[[ THE INPUT, beginning ]]
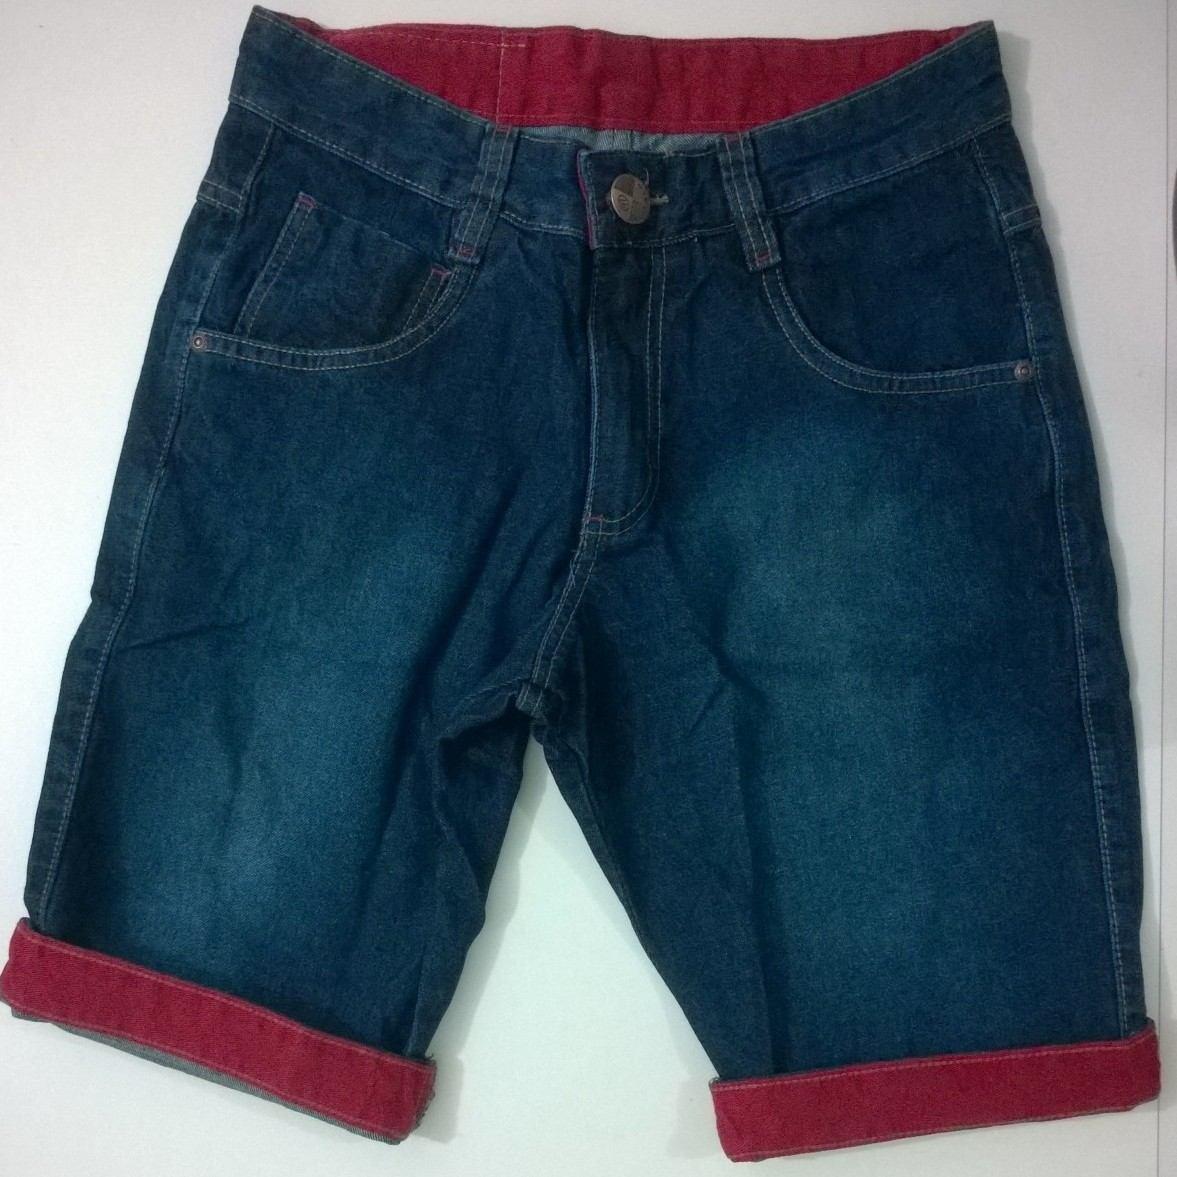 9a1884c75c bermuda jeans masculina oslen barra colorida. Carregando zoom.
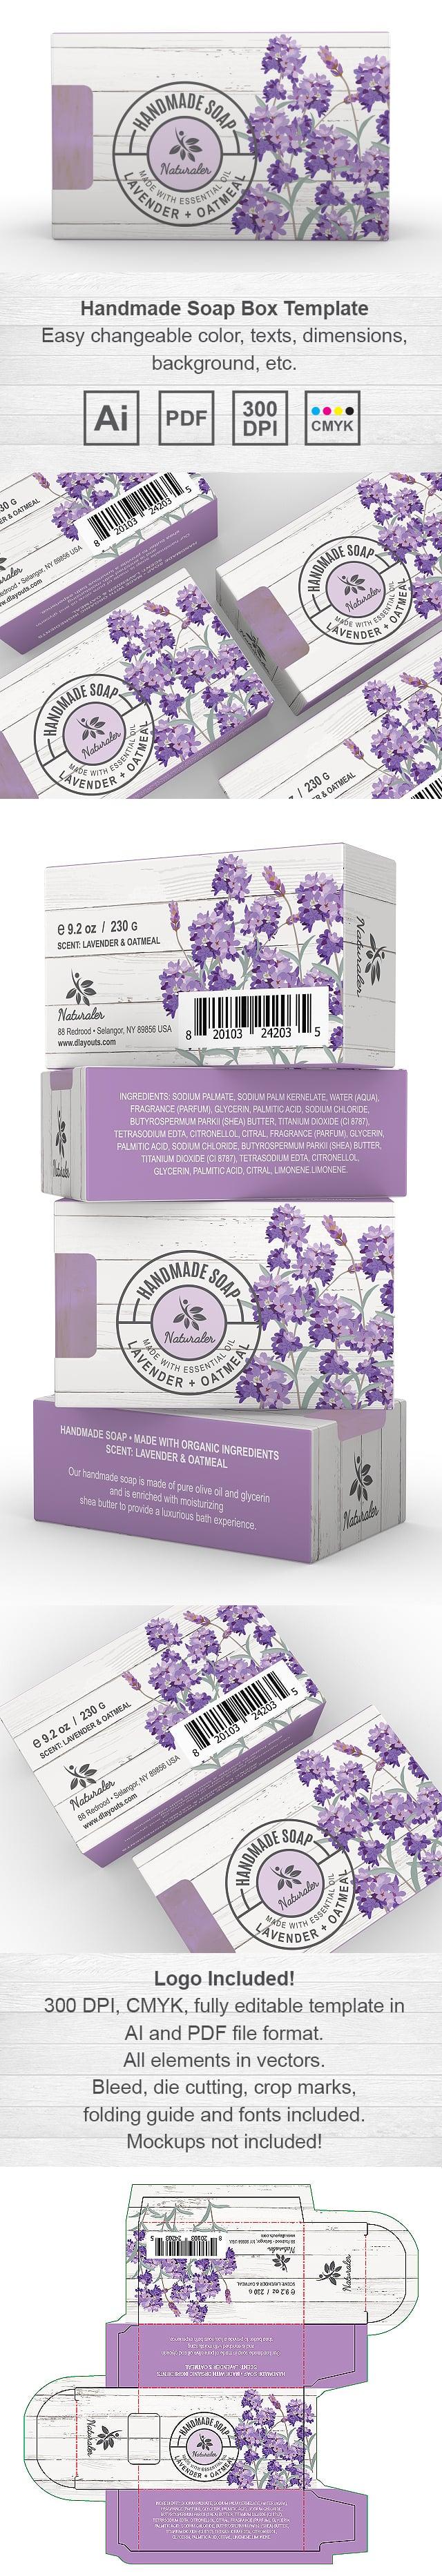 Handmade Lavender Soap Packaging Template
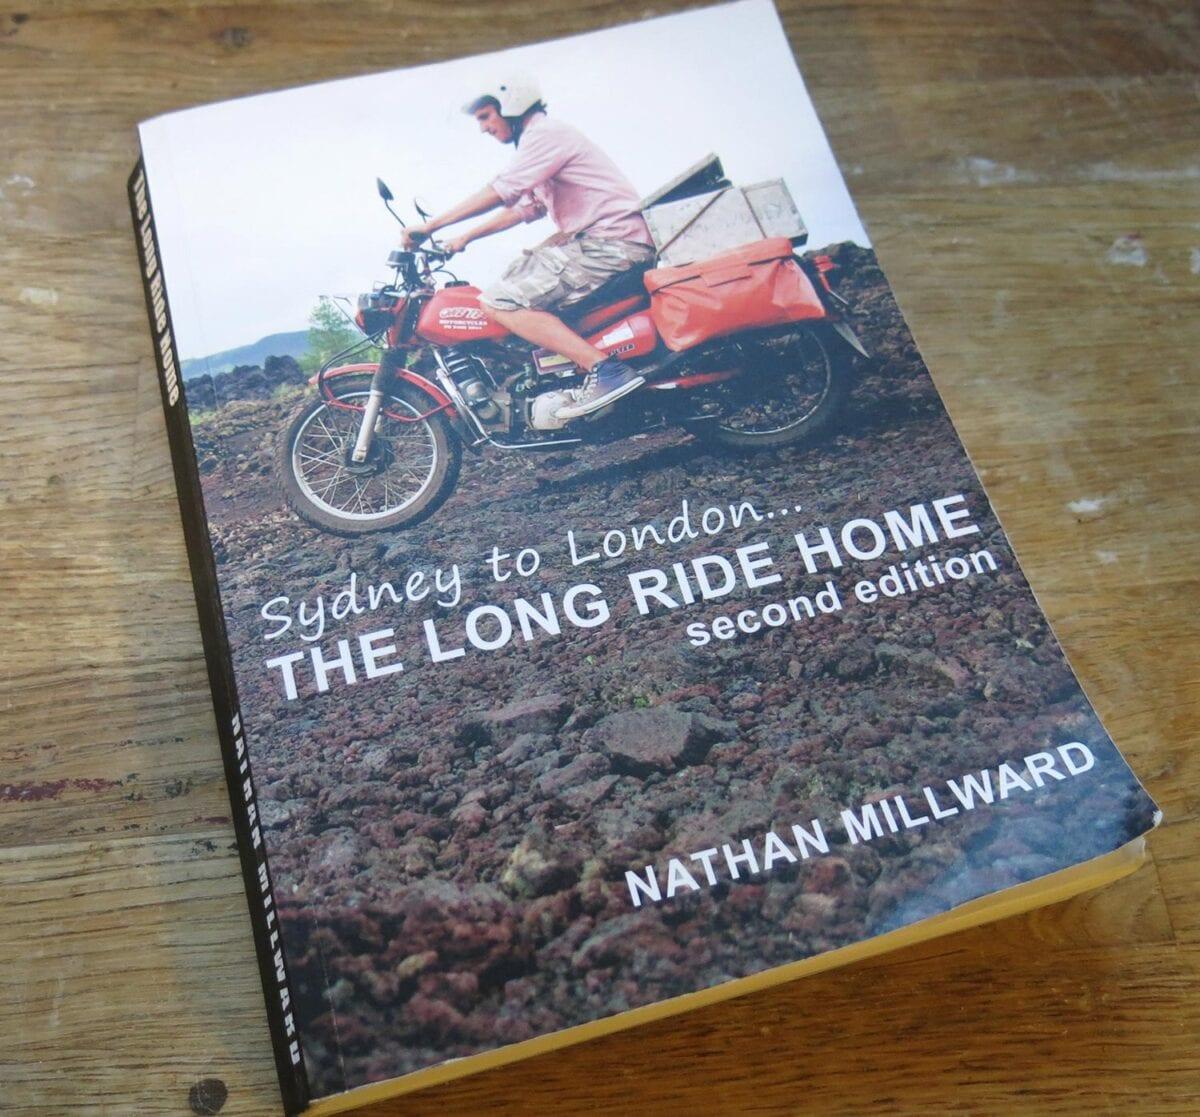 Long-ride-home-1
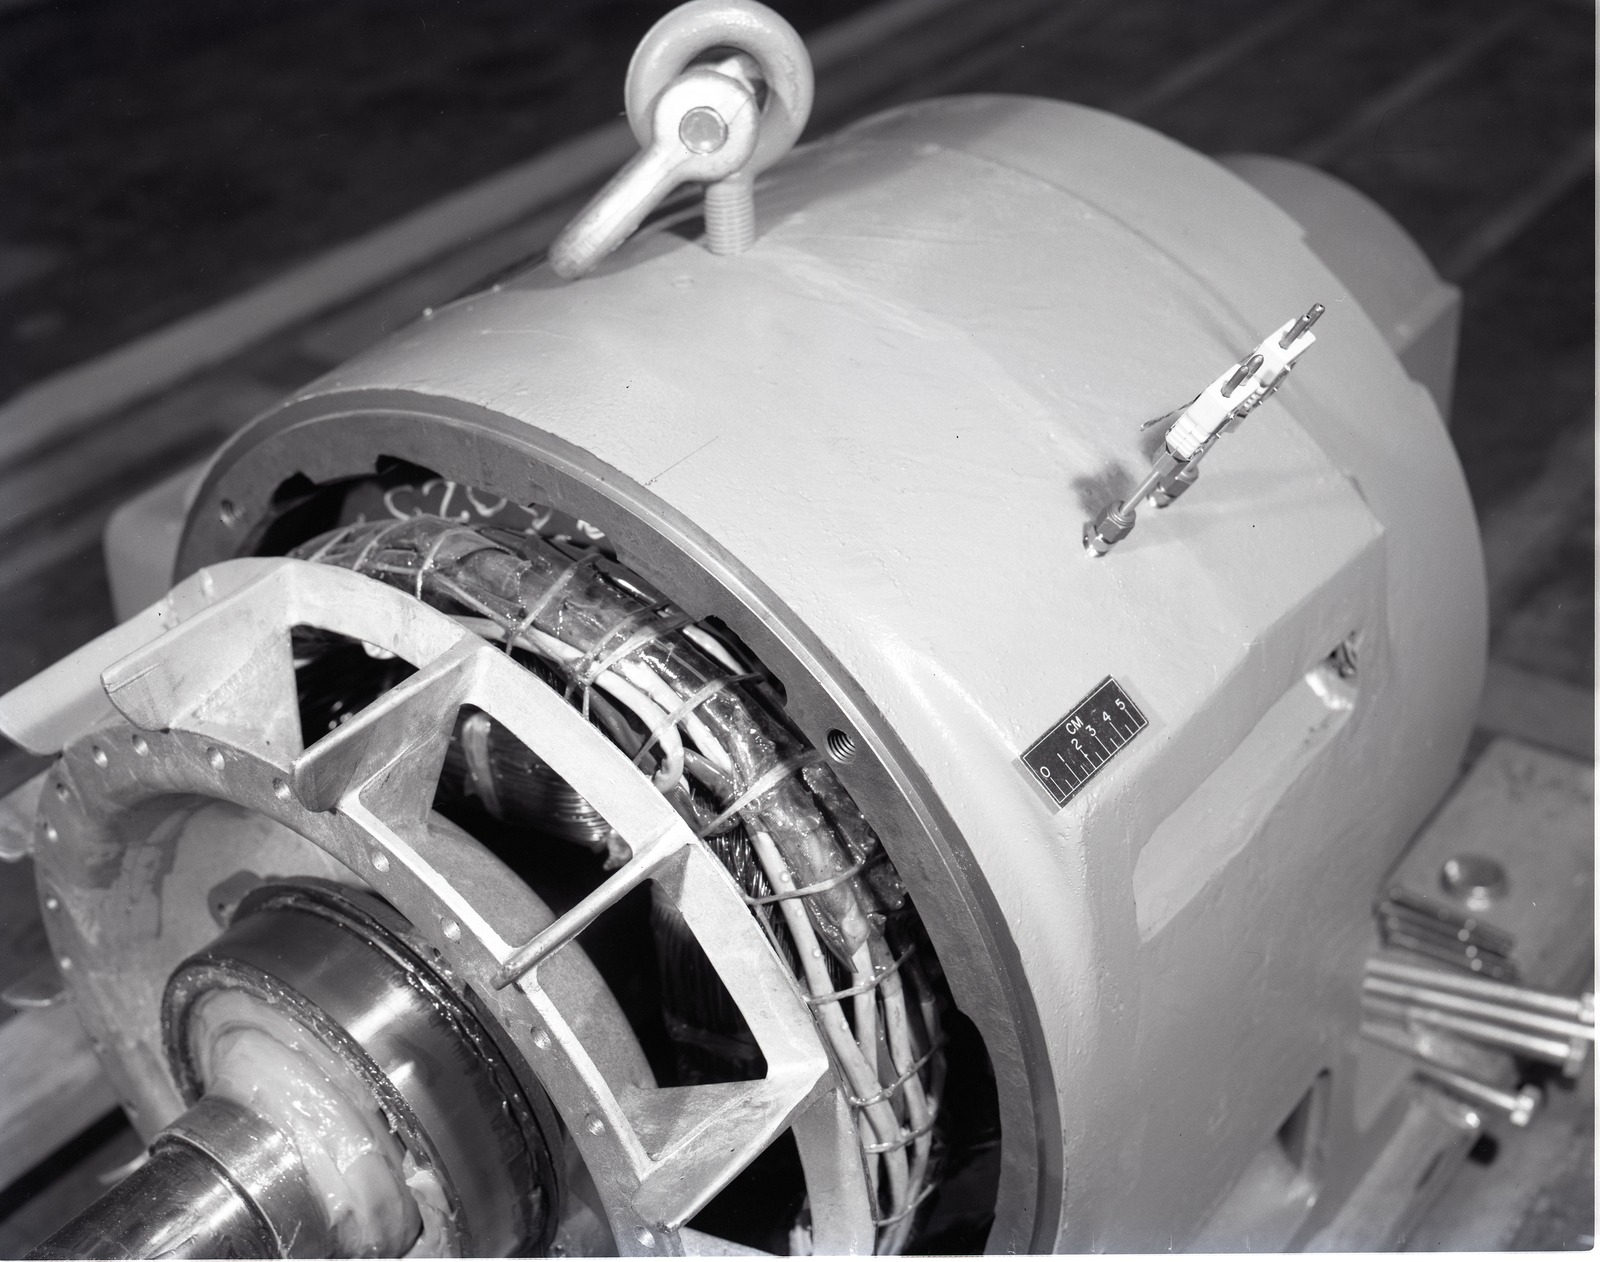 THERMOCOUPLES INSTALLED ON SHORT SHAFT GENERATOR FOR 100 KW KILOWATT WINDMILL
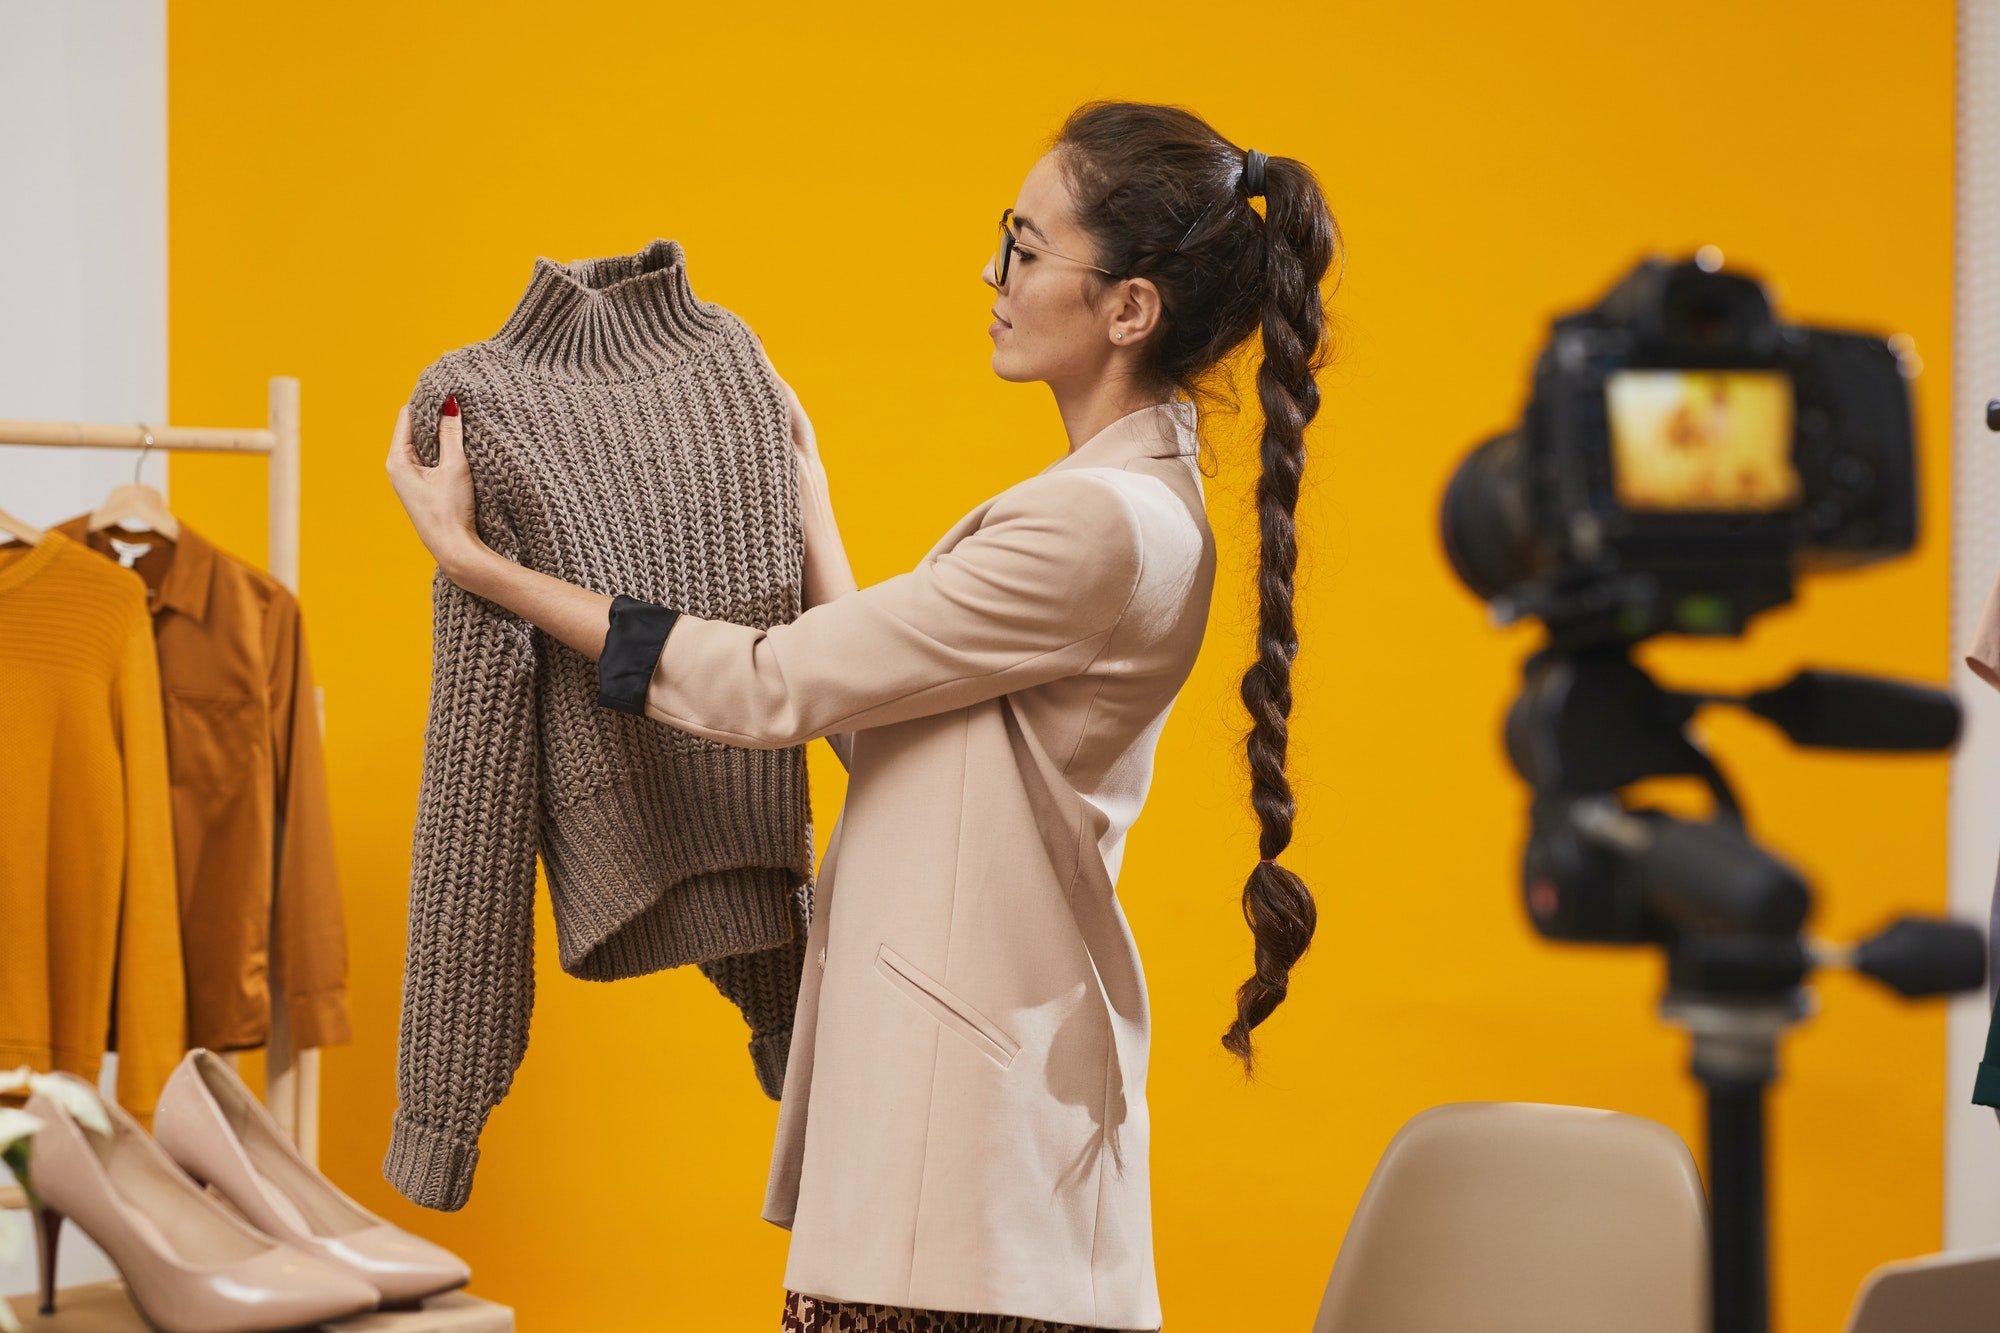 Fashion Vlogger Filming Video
[[ THE INPUT, end ]]
WORK TO COMPLETE:
Every line of the data is to be transcribed exactly, and no picture is to be included.

SOLUTION:
 9a1884c75c bermuda jeans masculina oslen barra colorida. Carregando zoom.
 Handmade Lavender Soap Packaging Template
 Long-ride-home-1
 THERMOCOUPLES INSTALLED ON SHORT SHAFT GENERATOR FOR 100 KW KILOWATT WINDMILL
 Fashion Vlogger Filming Video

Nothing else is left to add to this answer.